As a result the Alvinczy boys were unusually silent both during luncheon and afterwards, leaving Uzdy to keep the conversation going. This he did, in his habitual inconsequent fashion, while Adam and Farkas sat tongue-tied only occasionally contributing some inane triviality. Uzdy was in his element. As an exceptionally well-read man, cultivated and erudite, he chose his topics today only from the latest scientific researches and discoveries and, when it was obvious that the others did not have the smallest notion of what he was talking about, he would turn to one or other of them and put a question to them only to dismiss the answer with contemptuous mockery barely veiled by a veneer of good manners. In this same way he would wittily mix up details of the latest advances in electrical or astronomical research, until his audience was even more bewildered than before. Balint felt at once that Uzdy was showing off, though it certainly was not for his benefit, nor for that of the Alvinczys. For his wife then? Ah, that was it. It was as if behind every clever phrase rang the words: ‘See! This is me, this is how I am, your husband! Your beaux are nothing but country dullards, blockheads — look at me, only at me!’

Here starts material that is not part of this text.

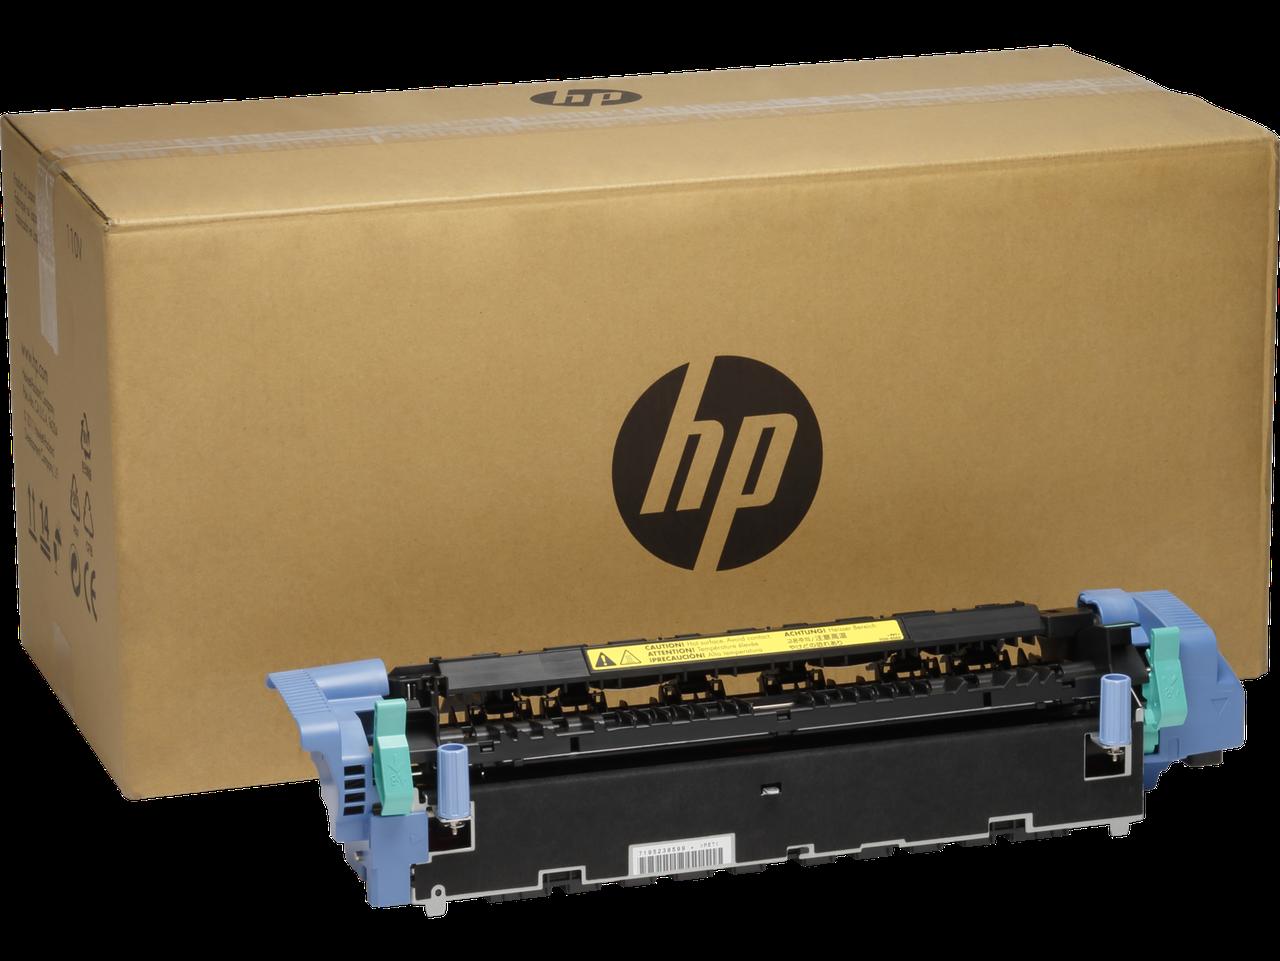 HP Q3985A Комплект термофиксатора LaserJet, 220 В, Цветной для Color LaserJet 5550
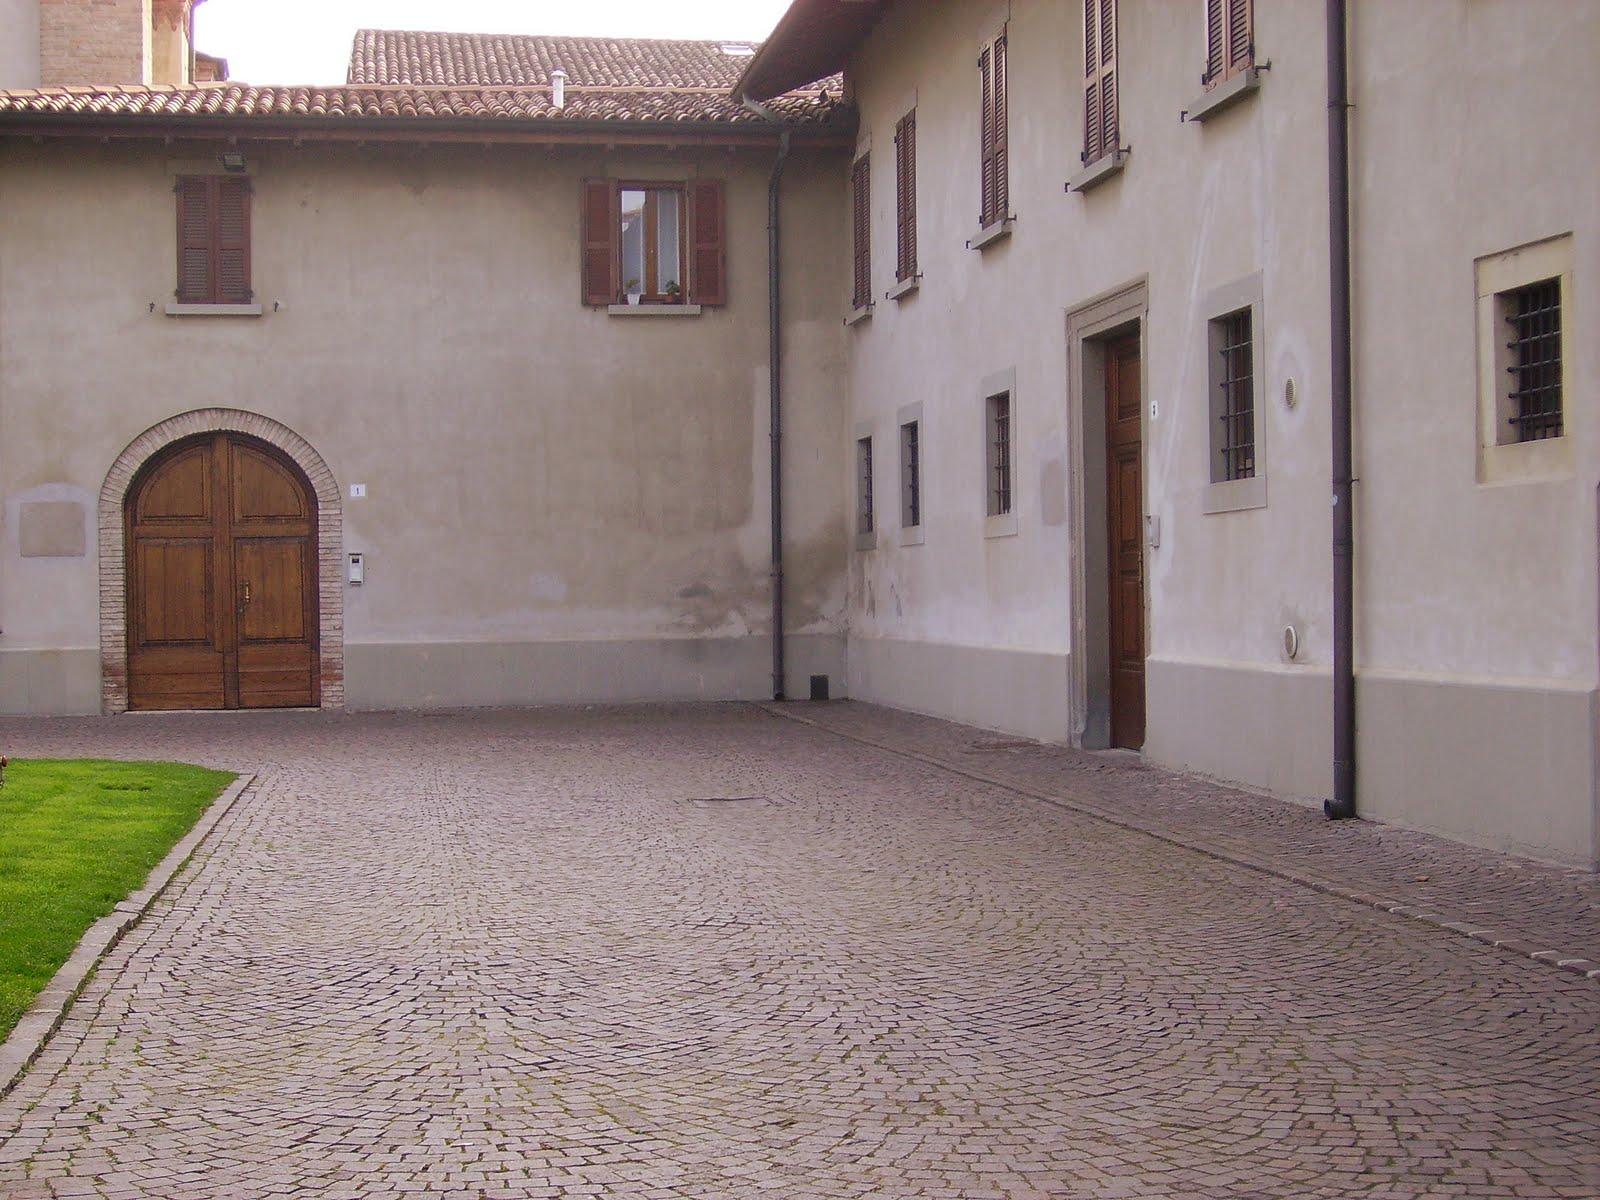 L 39 albero degli zoccoli i luoghi del film l 39 albero degli - Zoccolo esterno facciata ...

Adrienne’s face gave nothing away, her eyes quite expressionless under half-closed lids. Countess Clémence, too, was stonily entrenched behind the wall of her inexorable politeness.

The large figure of the butler, Maier, served them in silence in the shuttered dining-room. Later, when they sat in the gloomy shade of the salon whose shutters also were still closed, he would from time to time glide silently into the room to bring coffee or to empty the ashtrays and then just as silently and unobtrusively leave it again. He appeared to ignore everyone in the room, but Balint noticed that from time to time he would raise his large sad eyes and glance at his master. Uzdy went on talking wittily but nervously well into the afternoon.

All at once he got up and suggested they go out pigeon-shooting.

‘That’s a real sport!’ he said. ‘I have an excellent field for it; just like in Monte Carlo. Does everyone agree? Yes? Well then, let’s go!’

Countess Clémence withdrew to her own rooms, but Addy walked down with them.

‘I assume you breed them yourself?’ said Adam Alvinczy as they started off.

‘Pigeons? Certainly not, not one! We shoot only at clay pigeons. I wouldn’t slaughter a living animal. Why should I? They don’t harm anyone. People, yes. That would be different; but animals, never!’ and, turning back towards the rest of them he seemed to be weighing them up, measuring their capacities and perhaps their characters, with his wide-set, slanting Tartar eyes. Then, tossing back his head and straightening his narrow shoulders, he turned and led the way down the hillside to a small valley. Targets had been set up in front of a patch of bare clay where part of the steep hillside had slipped. Some way away in the meadow, in front of the landslide, throwing machines had been placed in a fan-shaped formation, with wooden planks for the guns to stand on, and, where the path came to an end, there were tables with ammunition boxes, pistol-holders, a selection of rifles, two benches to sit on, and a small telescope on a stand.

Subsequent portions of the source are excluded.